As it gets hotter I know a lot of people like to eat lighter, and salads are a great way to do that. I’m actually not going to talk about salads so much as the dressing for your salad. For those of us on a gluten-free diet salad dressing can be a dangerous area. Commercial dressings can include any number of emulsifiers, stabilizers, and other stuff. Why? Well, I can only assume that most of that helps it sit out at room temperature for weeks or months until you buy it. Do you need it? No. Can you make a better salad dressing yourself, for less money? Absolutely!

The most basic kind of dressing you can easily make is a vinaigrette. Basically you need two things, an acid and an oil. Specifically, vinegar and oil. That is it. One part vinegar, and three parts oil. Obviously, this leaves you quite a bit of wiggle room! Want something Italian? Balsamic vinegar or red wine vinegar and some extra virgin olive oil. Spanish? Sherry vinegar, and extra virgin olive oil. Asian? Rice vinegar, and a blend of oils, maybe sesame and peanut or canola? (In this case you’ll want the more neutral canola oil to be the greater quantity.) Now, you can play around with things from here, and get more interesting flavors. You can also use things that will act as emulsifiers. This will keep your dressing from separating back into oil and vinegar. Many of these are also flavorful, mustard, garlic(roasted and pureed), honey and eggs to name a few that are probably in your cabinets right now.

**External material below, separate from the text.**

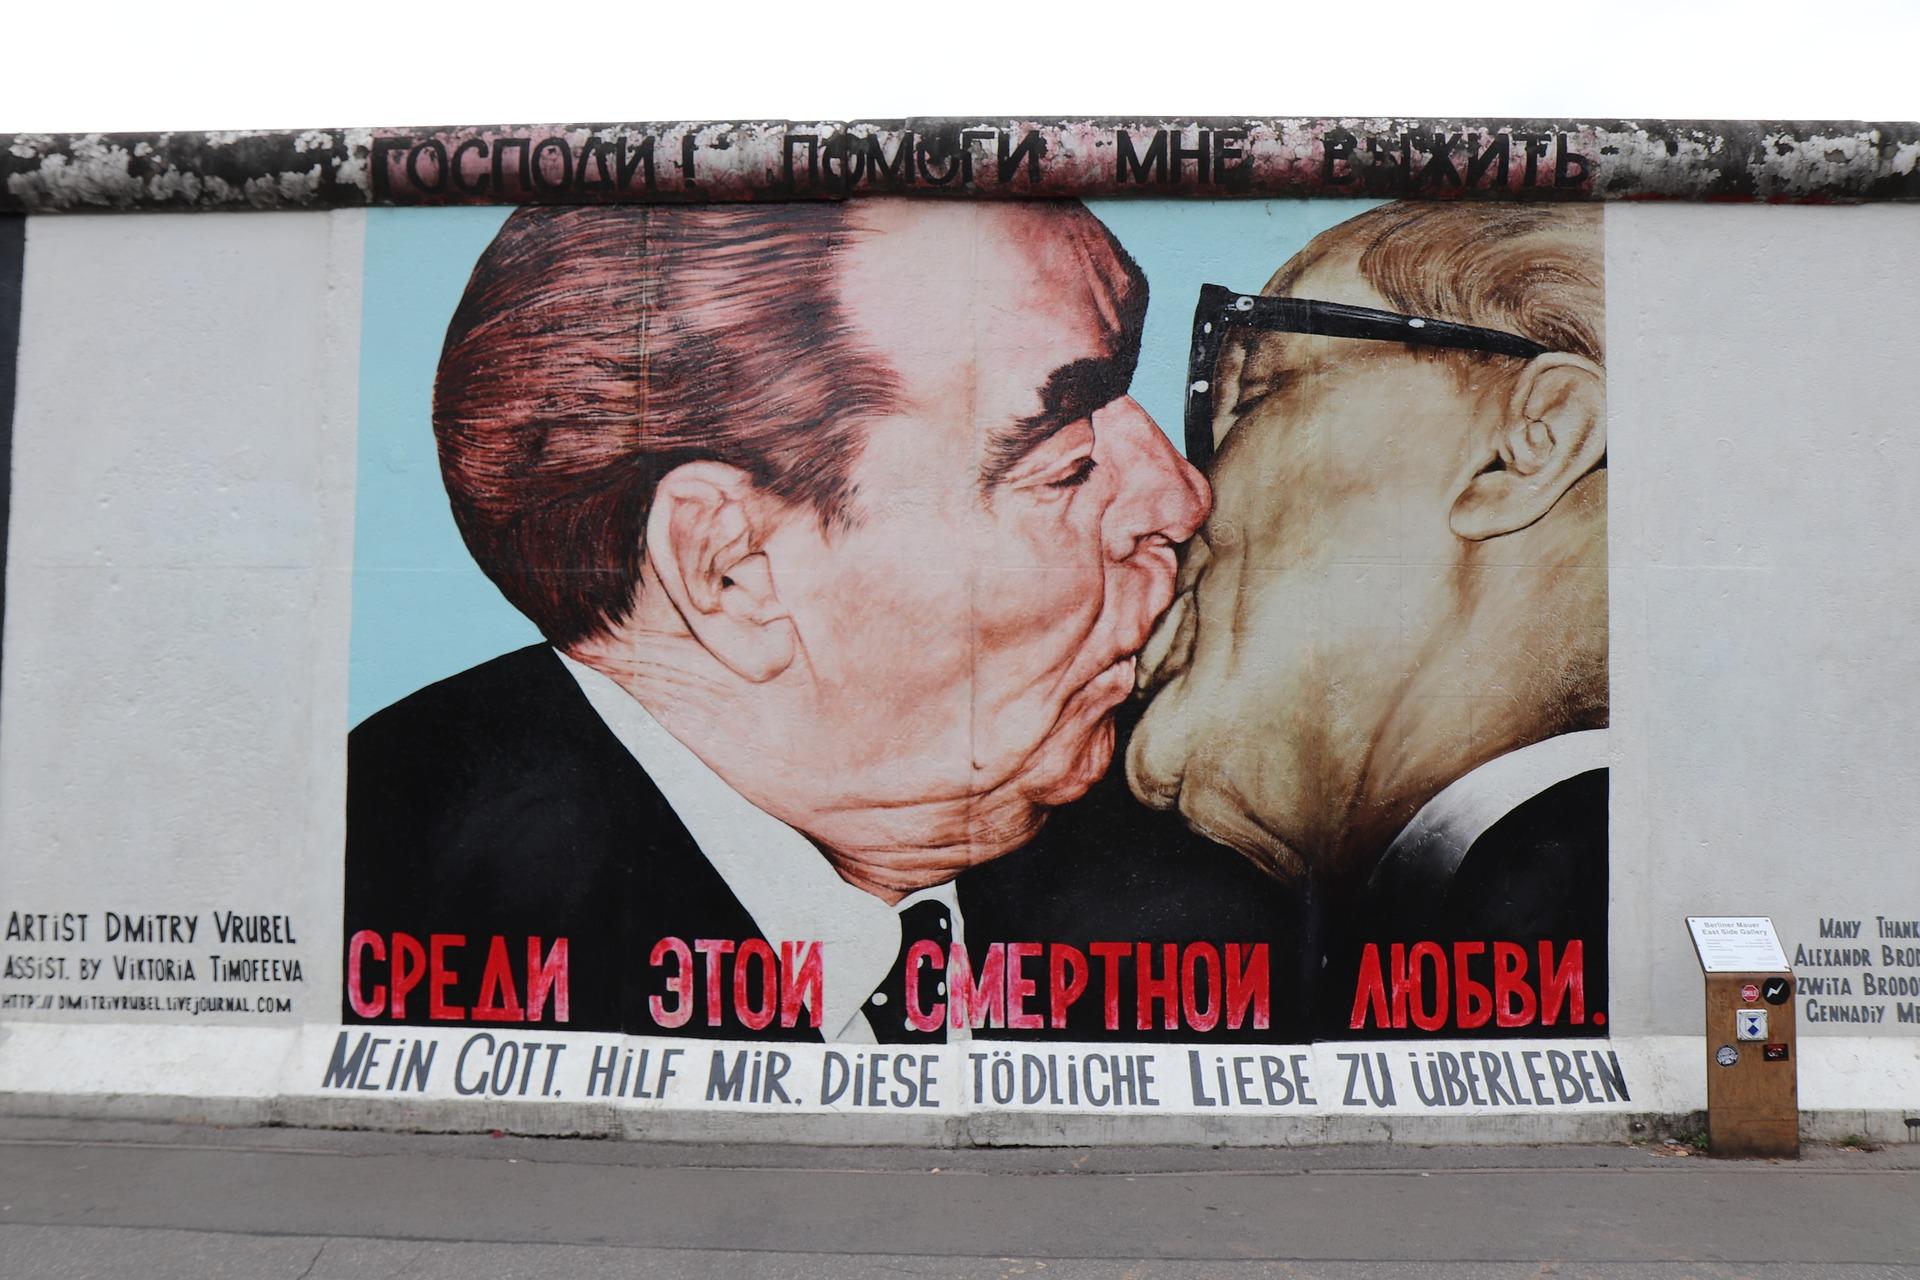 East Side Gallery Berlijn Duitsland

Rather than talk about dressings I made while I was at work I thought I would talk about one I made at home. Amy was over, and she was cooking dinner for us! But we both agreed that a salad would be nice too. I have a bottle of very nice sherry vinegar, and although I don’t use it a lot, it does taste great! I also was given a bottle of smoked rapeseed(canola to the North Americans reading) oil as a gift that I thought would be nice to try out with the sherry vinegar.

What you need:
Food processor or blender
measuring cups
measuring spoons

Some of this is measured, and some of this is just eyeballed, so feel free to make it up as you go, and adjust things.
1/2 onion
1 tsp ground mustard (the dry kind)
1 clove garlic
1/4 cup sherry vinegar
1/4 cup smoked rapeseed oil
1/4 cup canola oil
herbes de provence
salt and pepper to taste
honey to taste

I have a small food processor, and it works great for salad dressings, salsas, and anything I feel like putting in there.

Cut the onion half so it will fit in the processor, chop it finely, add the garlic. Next I put in the dry mustard, and the vinegar. Then with the processor running slowly add the oils. If you notice, I am not using the 1:3 ratio I talked about at the beginning. It works just as well with 1:2, and you end up with a lower fat dressing! Next, season with the herbes de provence, honey, and salt and pepper. Since it is in the food processor use it to mix in the seasonings. How does it taste? It should be bright, garlicy, slightly smoky, and a little sweet.

You’ve now made your first vinaigrette. Easy, wasn’t it? I made a salad with some baby greens, fresh raspberries, blueberries, and some really nice sharp cheddar, and this dressing.

Feel free to experiment. The options are pretty much only limited by your imagination! And they taste great too!